Setup
Quick Start
Step 1: Register your team. Fill out the registration form. Then sign up on Kaggle.
Step 2: Download the train/val splits. Get the data from the IROS Tartan IMU Challenge dataset on Hugging Face.
Step 3: Clone the baseline repository. superxslam/TartanIMU.
git clone https://github.com/superxslam/TartanIMU
Reference models. We provide per-platform "specialist" checkpoints trained internally as a benchmarking reference, so you can gauge what good performance looks like before submitting. You can also try them interactively in the live demo.
Step 4: Write a basic config file. For details on the available fields, see
TartanIMU/config/datasets. A minimal example you can start from:
Show example config (minimal_example_config.yaml)

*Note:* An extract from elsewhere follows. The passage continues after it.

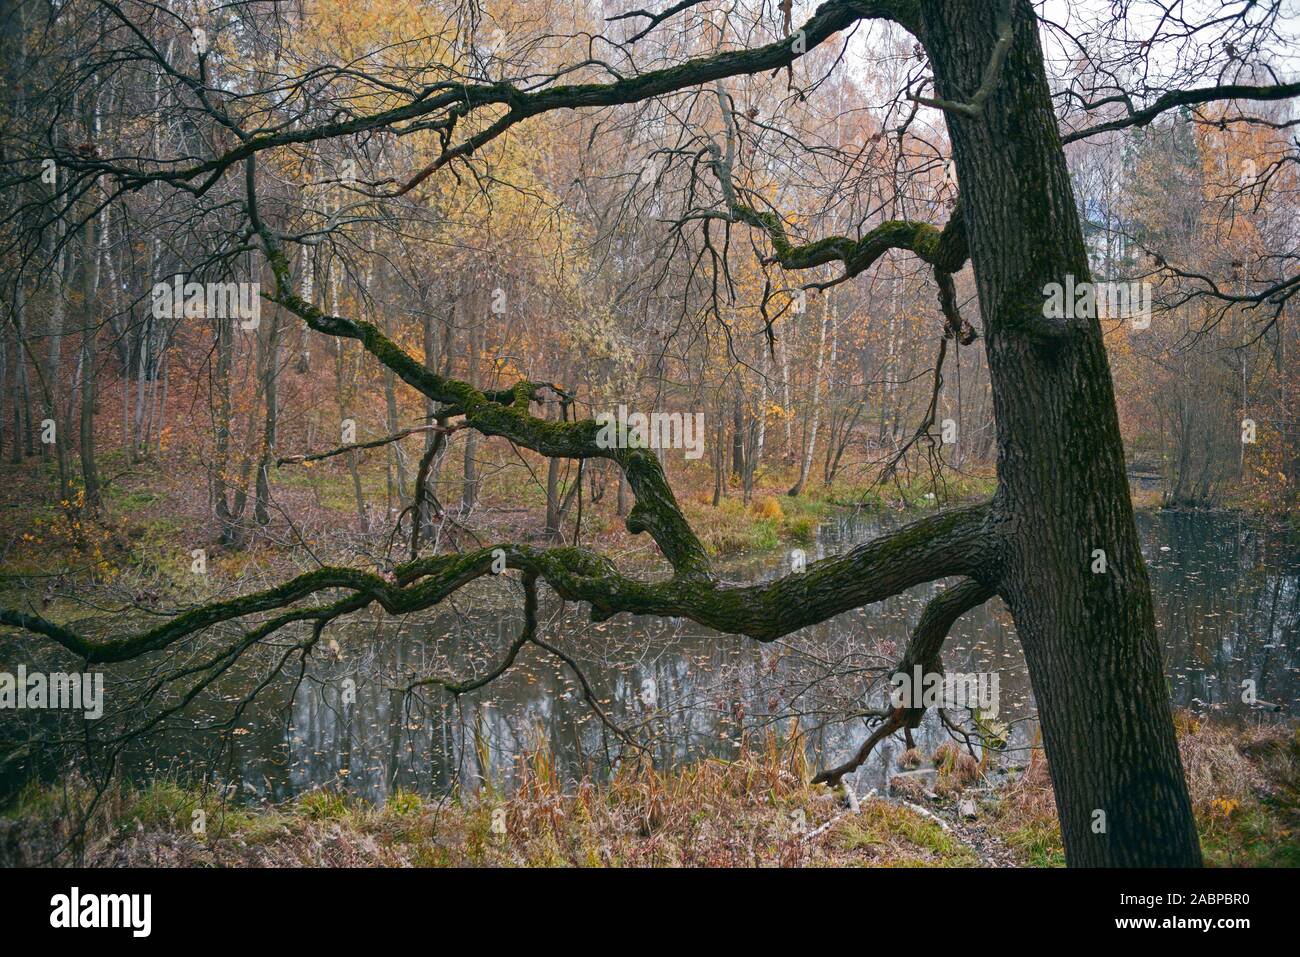 Old oak with moss-covered branches in an old autumn park Stock Photo

# =============================================================================
# Minimal Example Configuration for Neural Inertial Tracking
# =============================================================================
#
# This configuration file provides a complete setup for:
# 1. Model inference on pre-trained neural inertial tracking models
# 2. Fine-tuning covariance heads for sensor fusion applications
# 3. Evaluation using the same metrics as the main test.py script
#
# Usage:
# python minimal_example.py --config config/datasets/minimal_example/minimal_example_config.yaml
# =============================================================================
# =============================================================================
# MODEL ARCHITECTURE PARAMETERS
# =============================================================================
model_param:
# Input/Output Configuration
input_dim: 6 # IMU channels: [acc_x, acc_y, acc_z, gyro_x, gyro_y, gyro_z]
output_dim: 3 # Position output: [x, y, z]
# LSTM Network Configuration
lstm_size: 256 # Hidden size of LSTM layers
lstm_dropout: 0.0 # Dropout rate for LSTM layers (0.0 for inference)
lstm_layers: 1 # Number of LSTM layers
num_layers: 2 # Number of ResNet layers
bidirectional: False # Whether to use bidirectional LSTM
# Output Head Configuration
drop_ratio: 0.5 # Dropout ratio for output heads
split_z: True # Separate Z-axis prediction (recommended for 3D tracking)
# ResNet Backbone Configuration
layer_sizes: [2, 2, 2, 2] # ResNet layer sizes for feature extraction
# Time Window Configuration
past_time: 0.0 # Past time window (seconds)
window_time: 1.0 # Current time window (seconds) - main prediction window
future_time: 0.0 # Future time window (seconds)
# Transformer Configuration (Advanced - usually not needed)
use_transformer: False # Whether to use transformer layers
embed_dim: 256 # Embedding dimension for transformer
num_heads: 8 # Number of attention heads
num_blocks: 4 # Number of transformer blocks
# =============================================================================
# TRAINING CONFIGURATION
# =============================================================================
train:
# Sequence and Batch Configuration
seq_len: 10 # Sequence length for training (frames)
batch_size: 32 # Batch size for training
debug: False
learning_rate: 0.0001 # Learning rate (1e-4)
epochs: 50 # Number of training epochs
# Hardware and Performance Configuration
use_multi_gpu: False # Whether to use multi-GPU training
use_amp: True # Whether to use automatic mixed precision (recommended)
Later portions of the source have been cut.